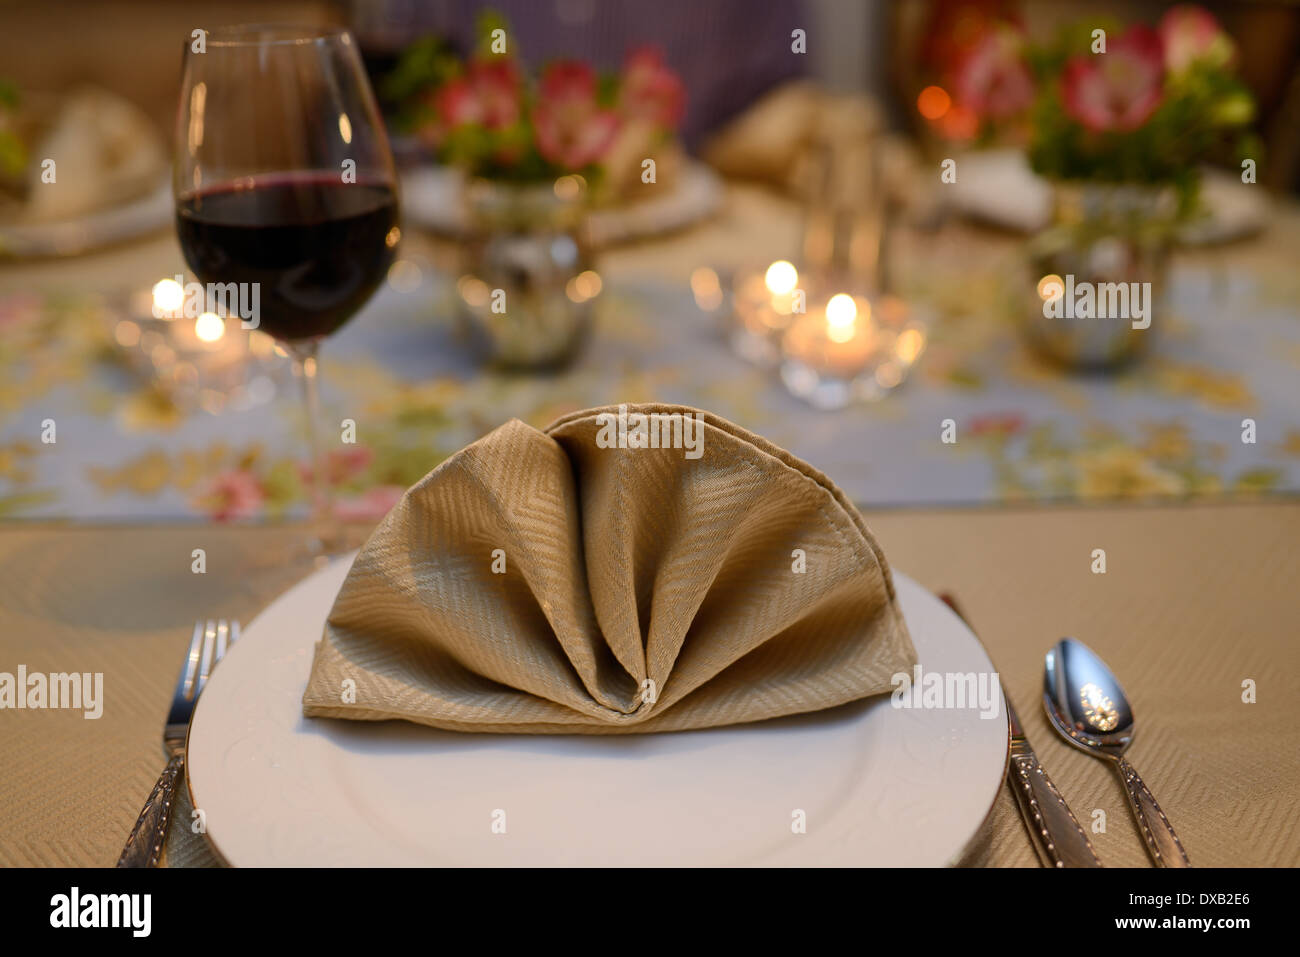 Wohn / Raum-Tischdekoration für eine Dinner-Party mit Serviette und Rotwein Stockfoto
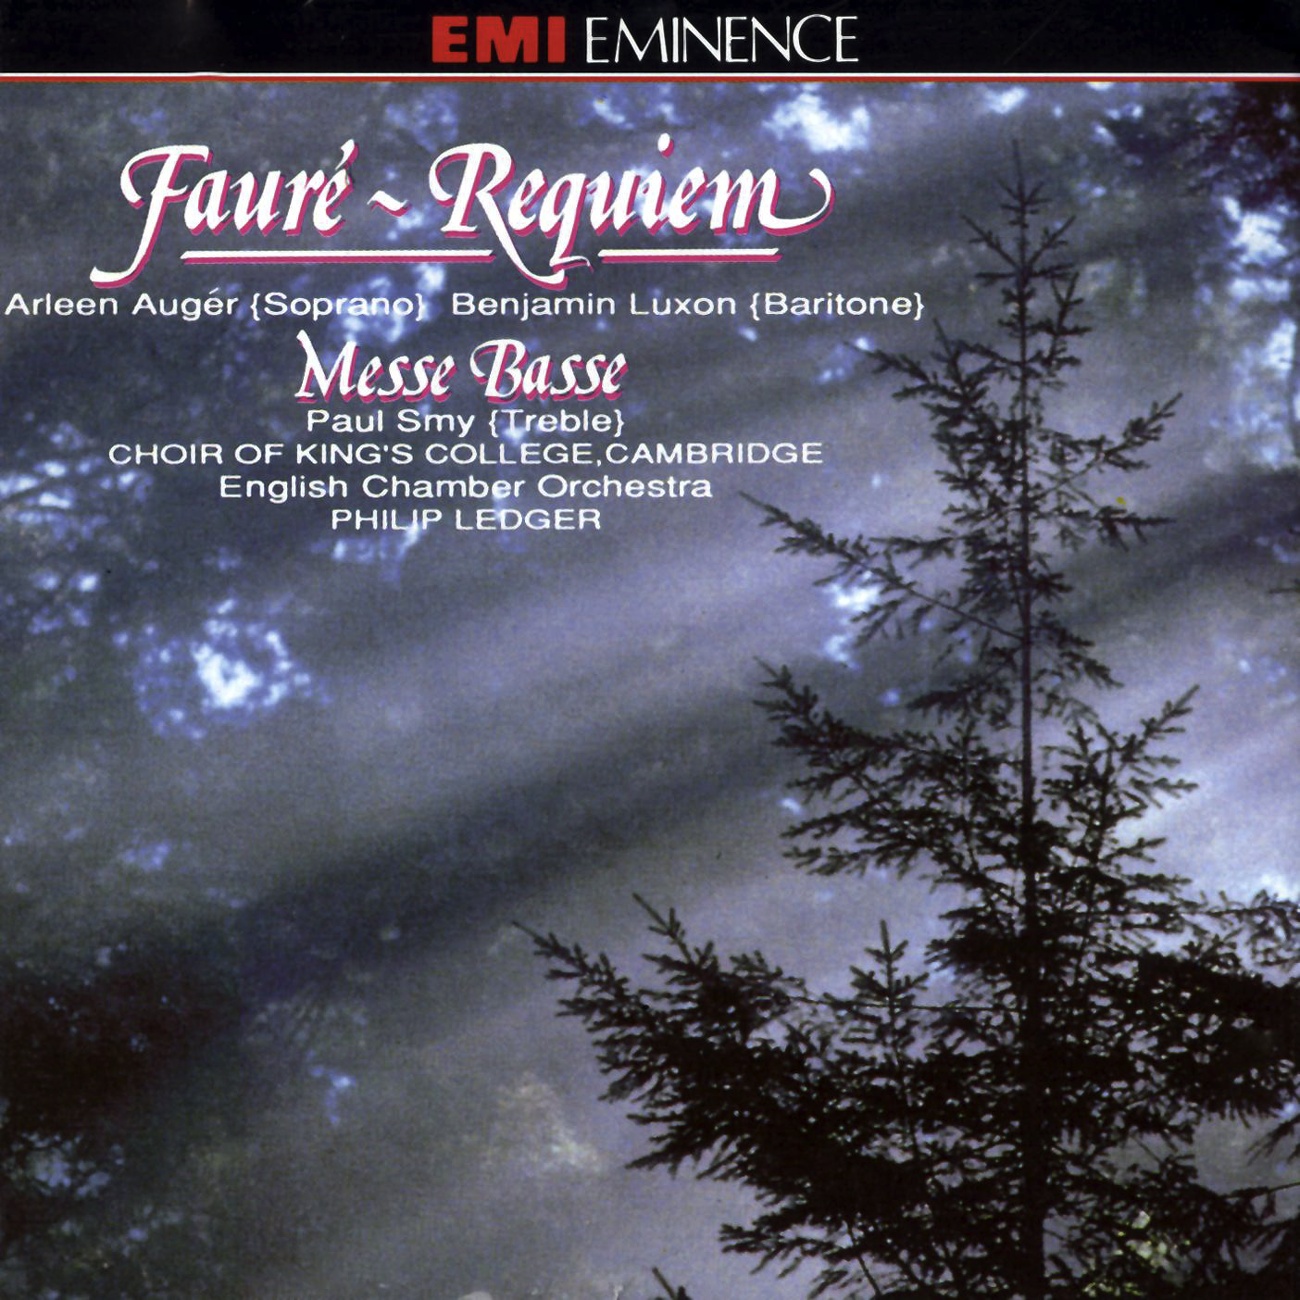 Faure: Requiem, Op. 48: Pie Jesu Soprano Solo
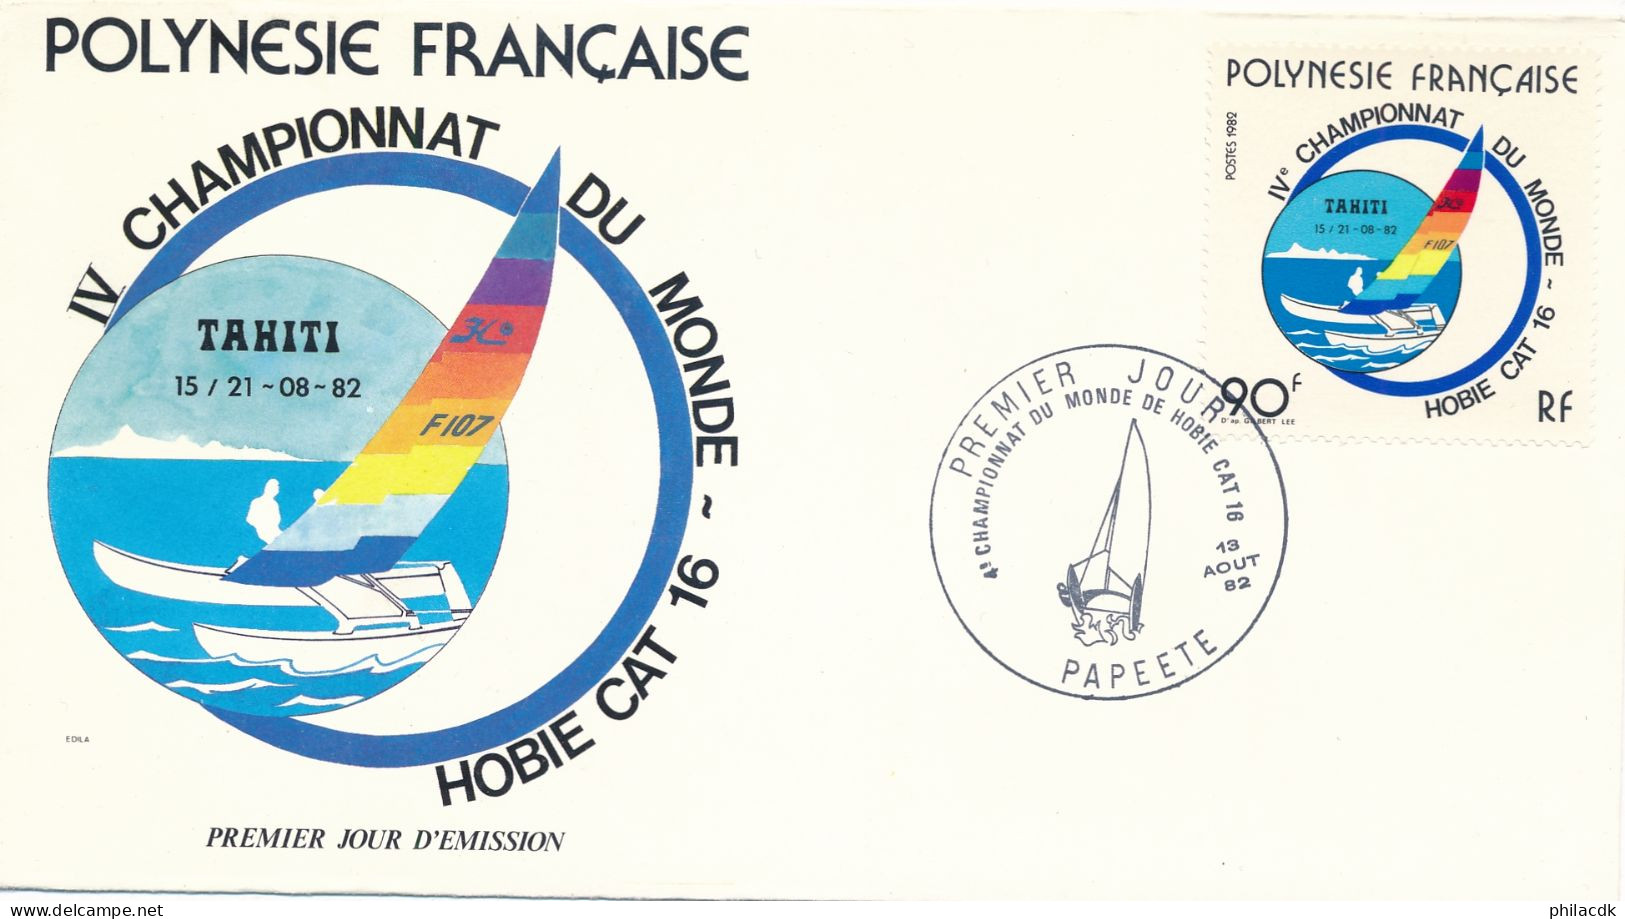 POLYNESIE FRANCAISE - ENVELOPPE PREMIER JOUR  DU 13 AOUT 1982 4EME CHAMPIONNAT DU MONDE DE HOBBIE CAT 16 - Vela
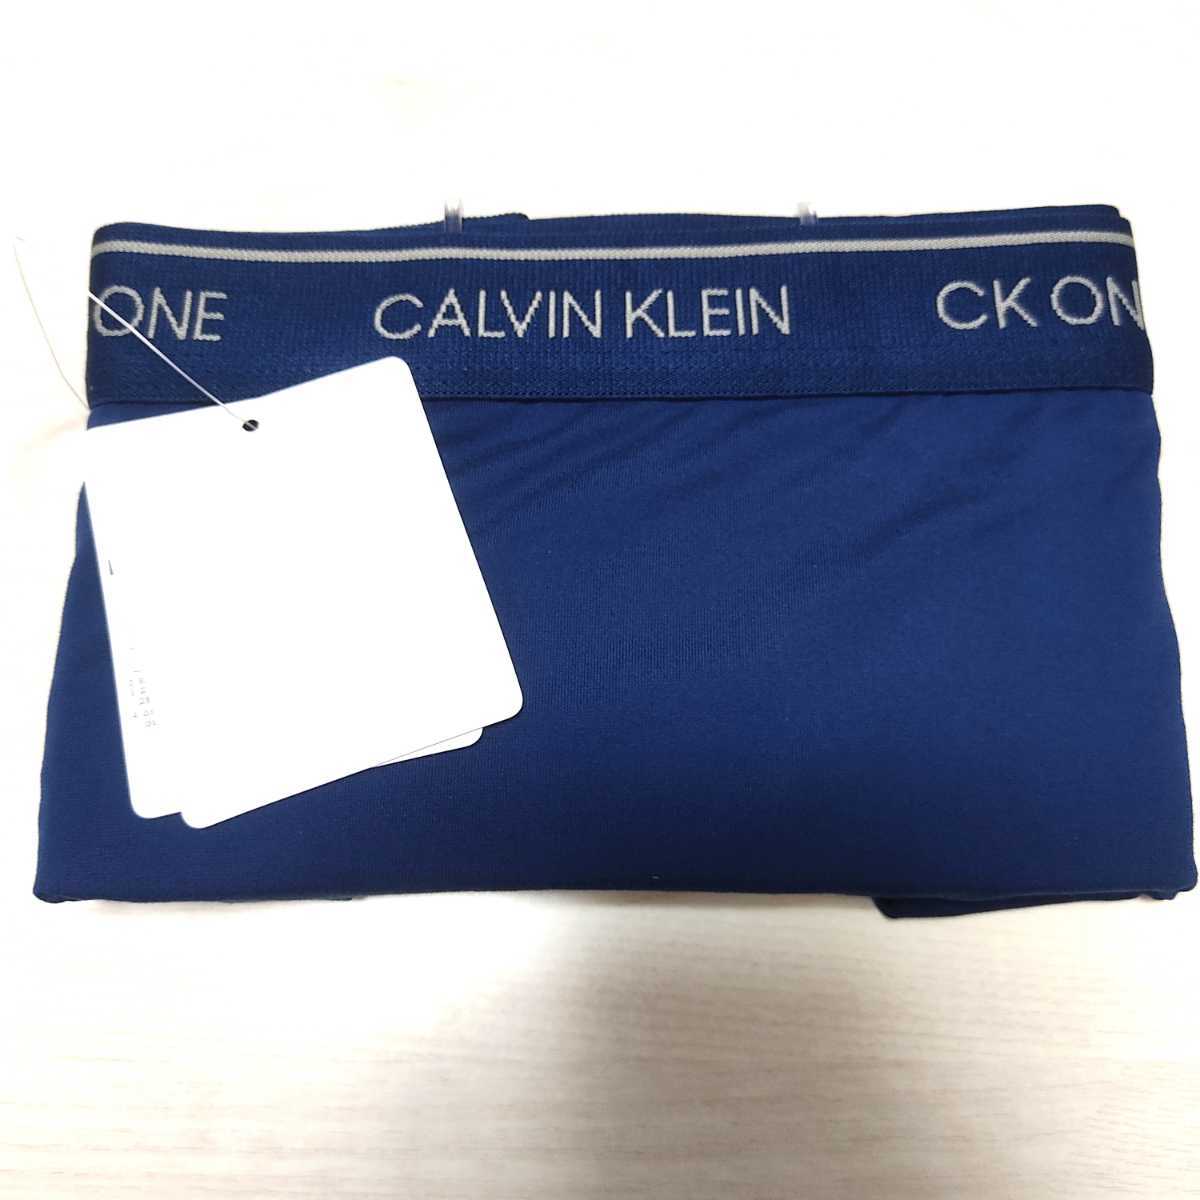 CALVIN KLEINカルバンクライン CK one Micro マイクロ ボクサーパンツ 前閉じ メンズ NB2226 ネイビー 海外S(日本M)

Instructions for the task:
Transcribe the listing word for word, but keep its pictures out of the copy.

Result for this task:
 Wohn / Raum-Tischdekoration für eine Dinner-Party mit Serviette und Rotwein Stockfoto
 Faure: Requiem, Op. 48: Pie Jesu Soprano Solo
 POLYNESIE FRANCAISE - ENVELOPPE PREMIER JOUR  DU 13 AOUT 1982 4EME CHAMPIONNAT DU MONDE DE HOBBIE CAT 16 - Vela
 CALVIN KLEINカルバンクライン CK one Micro マイクロ ボクサーパンツ 前閉じ メンズ NB2226 ネイビー 海外S(日本M)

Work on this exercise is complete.